ZIL block size selection policy

ZIL block size selection policy

As I mentioned in my previous blog entry, the ZIL (ZFS Intent Log) operates with block sizes between ZIL_MIN_BLKSZ(4K) and ZIL_MAX_BLKSZ(128k).  Let us take a closer look at this.

The ZIL has to allocate a new zil block before it commits the current zil block.  This is because the zil block being committed has to have a link to the next zil block. If you do not preallocate, you will have to update the next pointer in the previous block whenever you write a new zil block. This means that you will have read in the previous block, update the next pointer, and rewrite it out. Obviously this is quite expensive (and quite complicated).

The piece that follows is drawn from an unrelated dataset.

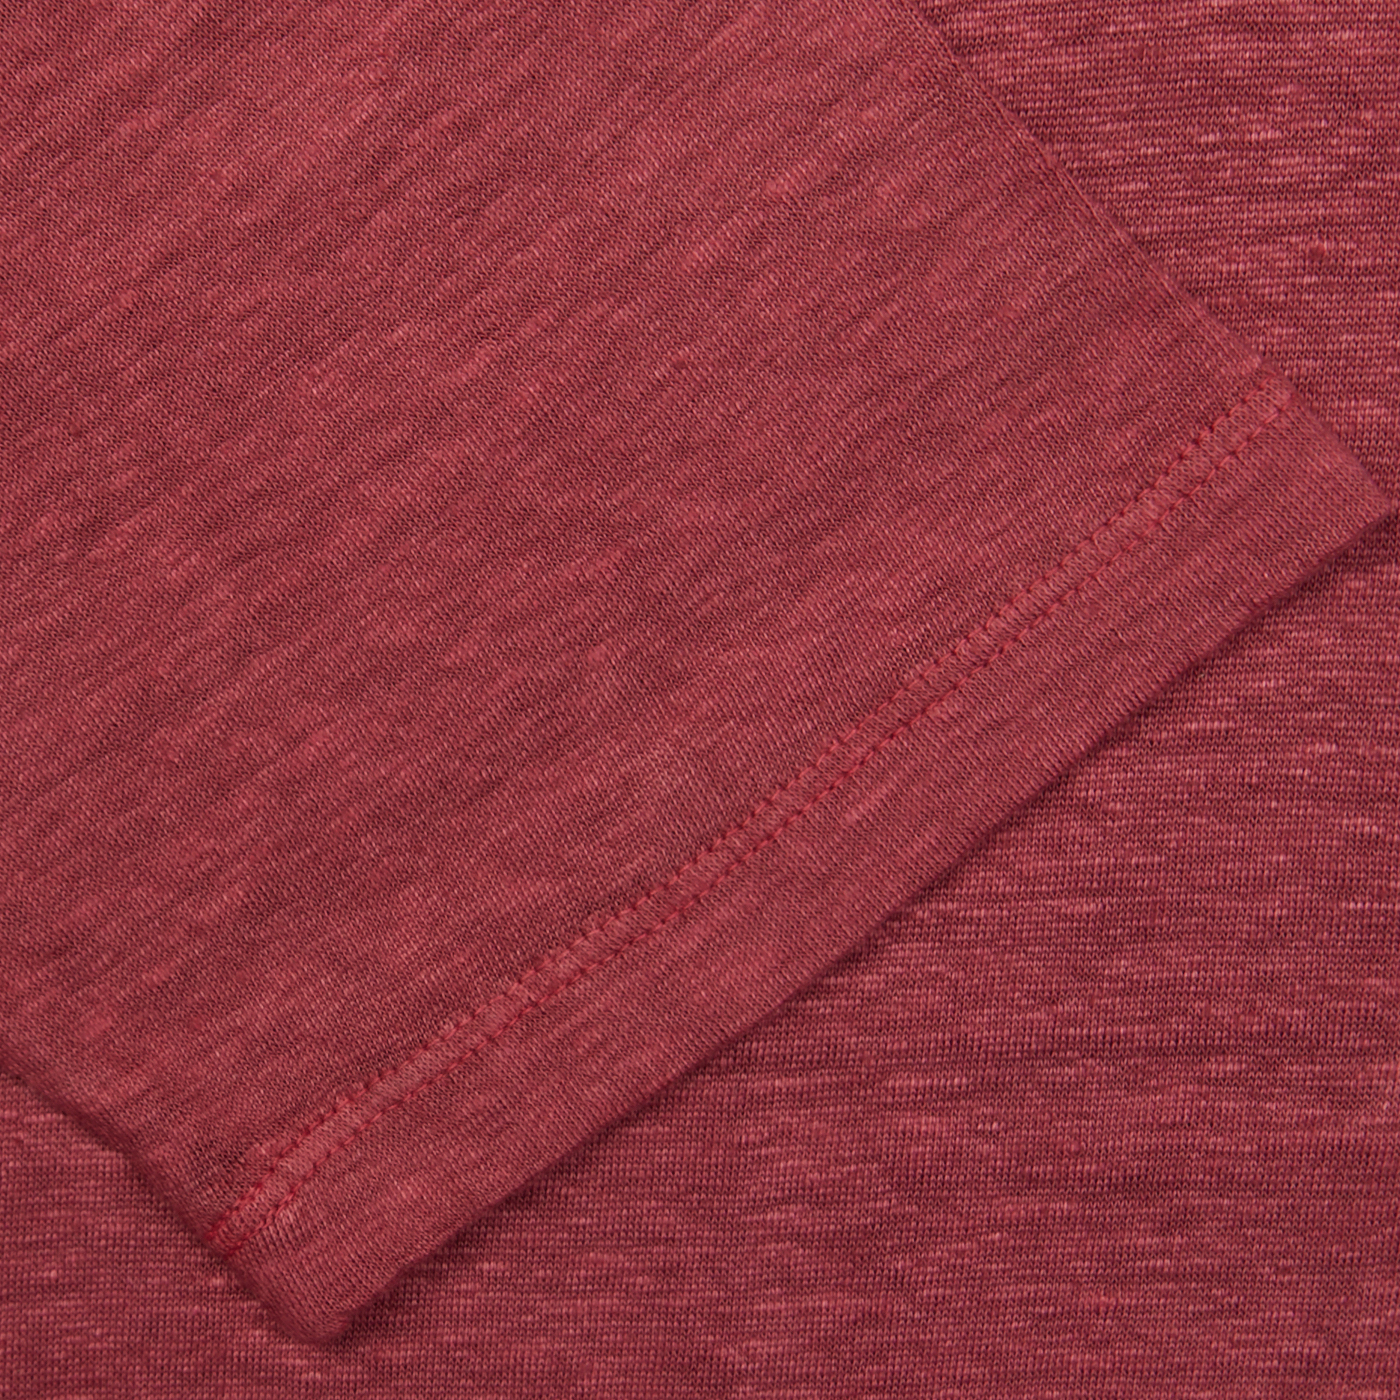 Close-up of a Massimo Alba Raspberry Red Linen Polo Shirt with a folded edge and visible stitching, dyed using natural chemical-free pigments.

The current block selection strategy is to chose either the sum of all outstanding ZIL blocks or if no outstanding zil blocks are present, the size of the last zil block that was committed. If the size of the outstanding zil blocks is greater than 128k, it is rounded up to 128k.

The above strategy works in most cases, but behaves badly for certain edge cases.

Let us examine the zil block size for the set of actions described below
(dtrace -n ::zil_lwb_commit:entry'{@[1]=quantize((lwb_t\*)args[2]->lwb_sz);}')

  1. Bunch of 2k O_DYNC writes -- zil block size: 4k (ZIL_MIN_BLKSZ)
  2. Bunch of 128bytes O_DSYNC writes -- zil block size was 4k (ZIL_MIN_BLKSZ)
  3. Bunch of non-O_DSYNC writes ... No zil blocks written
  4. Bunch of 128 byte O_DSYNC writes -- zil block size was 64k !!
oops! Why did the zil block size suddenly jump up to 64k above?

When the first O_DSYNC write was initiated in (4), the zil coalesced all outstanding log operations into a big block (in my case a 128k block and a 64k block) and then did a zil_commit. The next O_DSYNC write then chose 64k as the zil block size as that was the size of the last zil_commit. The following O_DSYNC writes then continued to use 64K as the zil block size.

Neil Perrin filed CR 6354547: sticky log buf size to fix this issue. His proposed fix is to use the size of the last block as the basis for the size of the new block. This should work optimally for most cases, but there is a possiblity for empty log writes. Need to investigate this issue with "real" workloads.